Universal Music Group has previously denied Drake’s claims of wrongdoing. Pitchfork has reached out to the company’s representatives for comment.
The lawsuit continues by alleging that Universal Music Group undertook a “successful” and “unrelenting campaign” to promote the song, its single artwork (“depicting Drake’s actual Toronto house”), and its music video “as widely as possible.” “UMG did so because it understood that the Recording’s inflammatory and shocking allegations were a gold mine,” Drake’s team contends.
UMG’s campaign, according to the lawsuit, involved helping secure Kendrick Lamar’s spot as the Super Bowl LVI halftime show performer and paying to promote the Grammy candidacy of “Not Like Us.” The song ultimate got five nominations for the 2025 Grammy Awards.
The lawsuit outlines traditional promotional tactics for a hit song, such as marketing and licensing, but also accuses UMG of “[conspiring] with and [paying] currently unknown parties to use ‘bots’ to artificially inflate the spread of the Recording on Spotify.” In addition, the lawyers allege that “UMG also offered financial incentives, including direct payments and reduced licensing rates, to various third parties to promote the Recording.”
Drake, according to his lawyers, “confronted UMG about its role in promoting allegations of sexual misconduct lacking ‘the slightest factual basis’ against him,” but the label allegedly “refused to do anything to help.” The rapper also says that he “attempted to address these claims privately with UMG,” but the label apparently “responded that Drake would face humiliation if he brought legal action.”
Further, Drake says he took it upon himself to deny Lamar’s “Not Like Us” claims through his response song “The Heart Part 6.” In the track, “Drake explained that he has ‘never been with no one underage’ and that his name is not on the ‘sex offender list,’” the lawsuit notes.
A separate action, in Bexar County, Texas, against Universal Music Group and iHeartRadio remains pending.

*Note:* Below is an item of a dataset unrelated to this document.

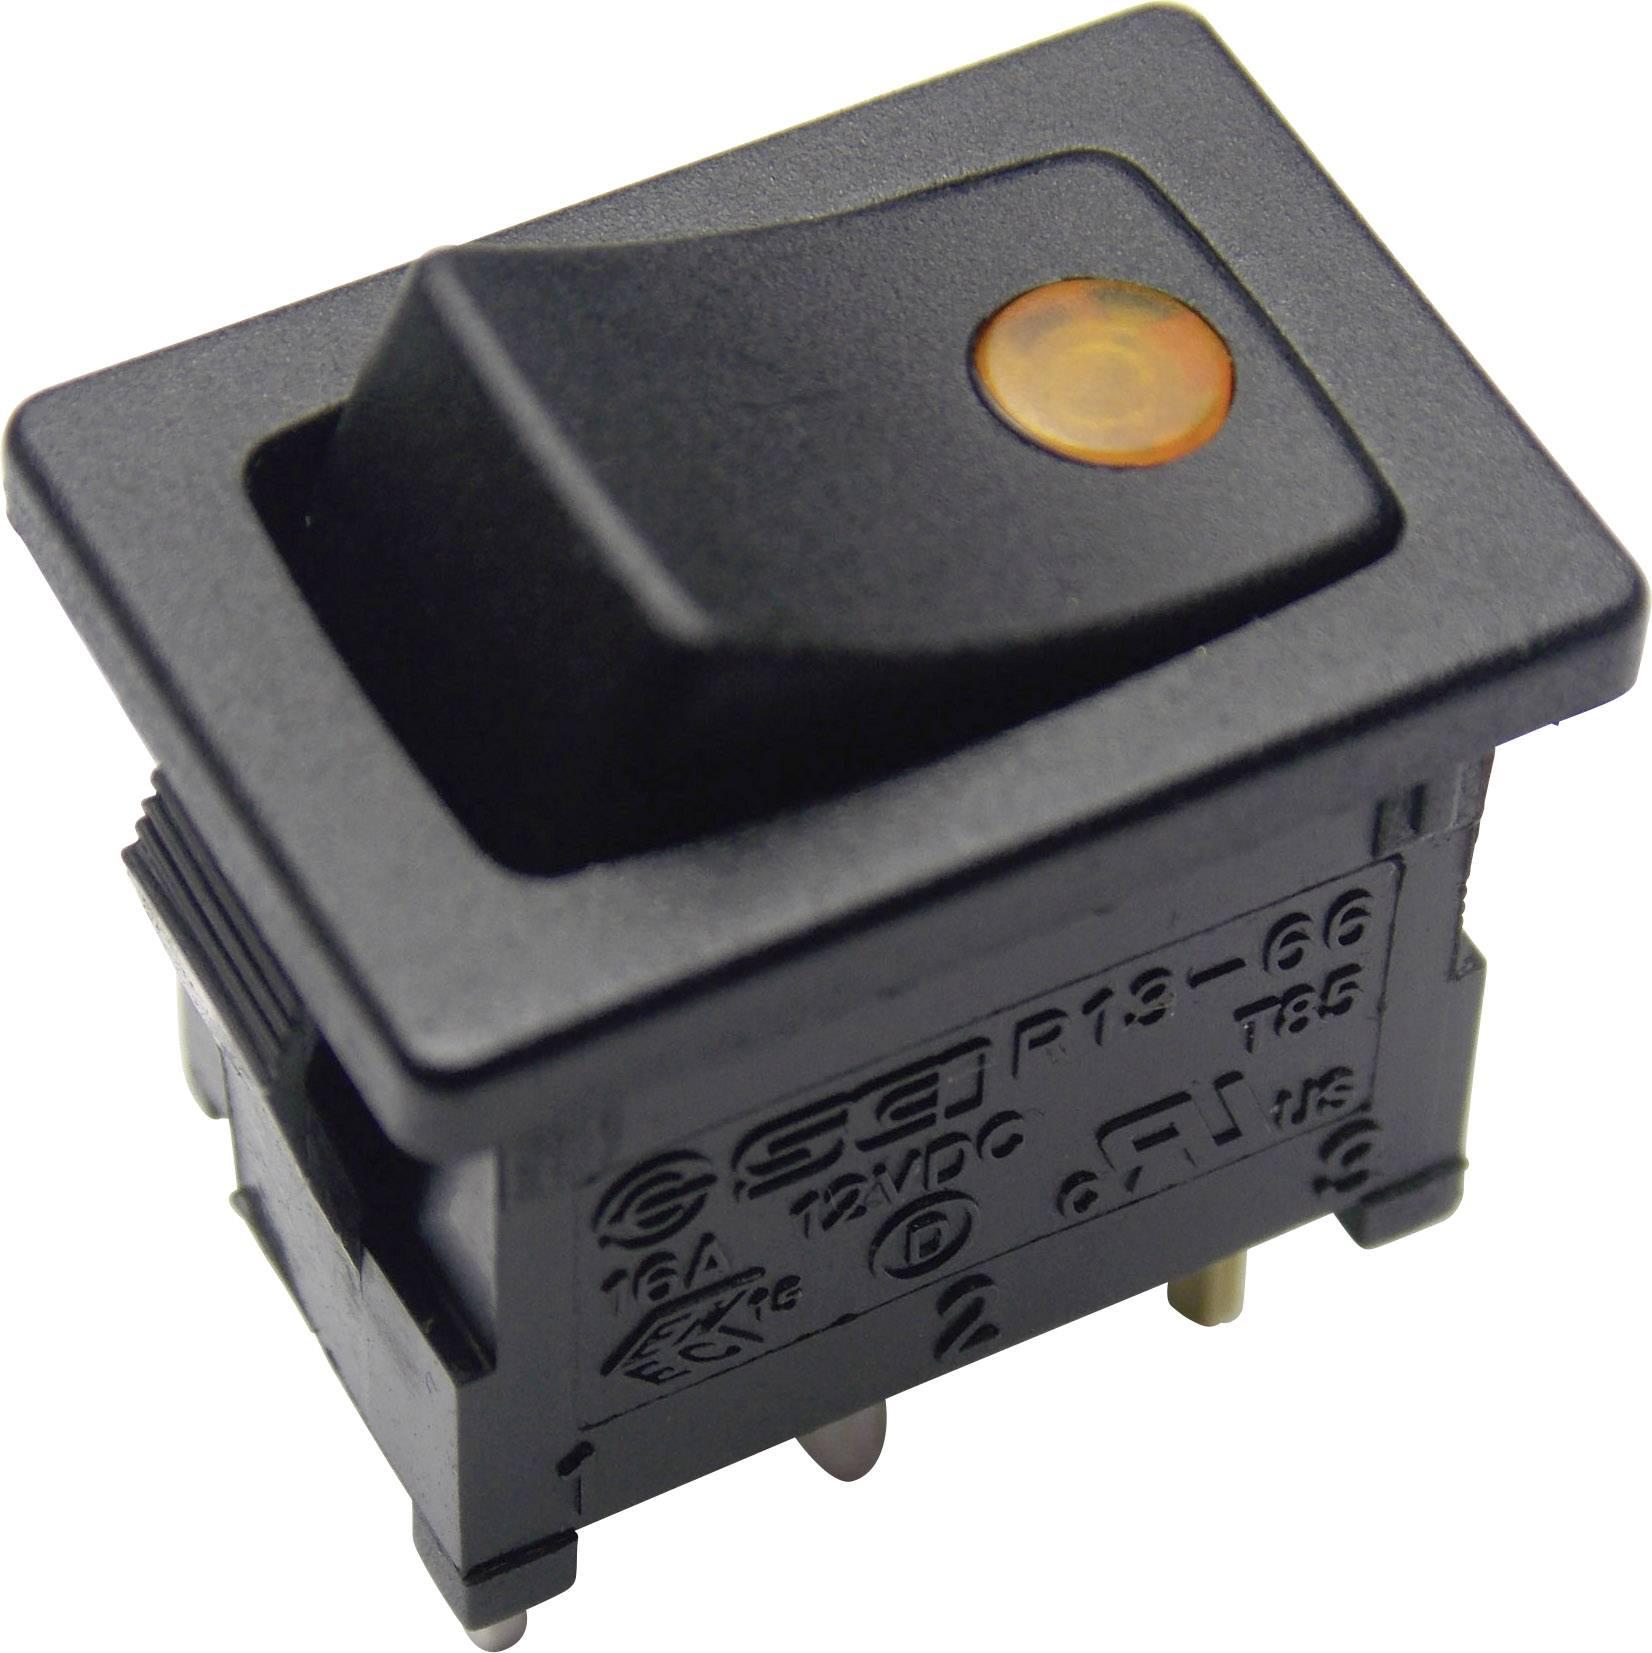 Kolébkový spínač s aretací TRU COMPONENTS TC-R13-66B2-02 B/B, 12 V/DC, 16 A, 1x vyp/zap, žlutá, 1 ks

That contained two separate claims: that UMG should have blocked the song’s release, on the basis that it “falsely [accused] him of being a sex offender, engaging in pedophilic acts, harboring sex offenders, and committing other criminal sexual acts”; and that UMG funneled payments to iHeartRadio in a pay-to-play promotional scheme that violates the Racketeer Influenced and Corrupt Organizations (RICO) Act.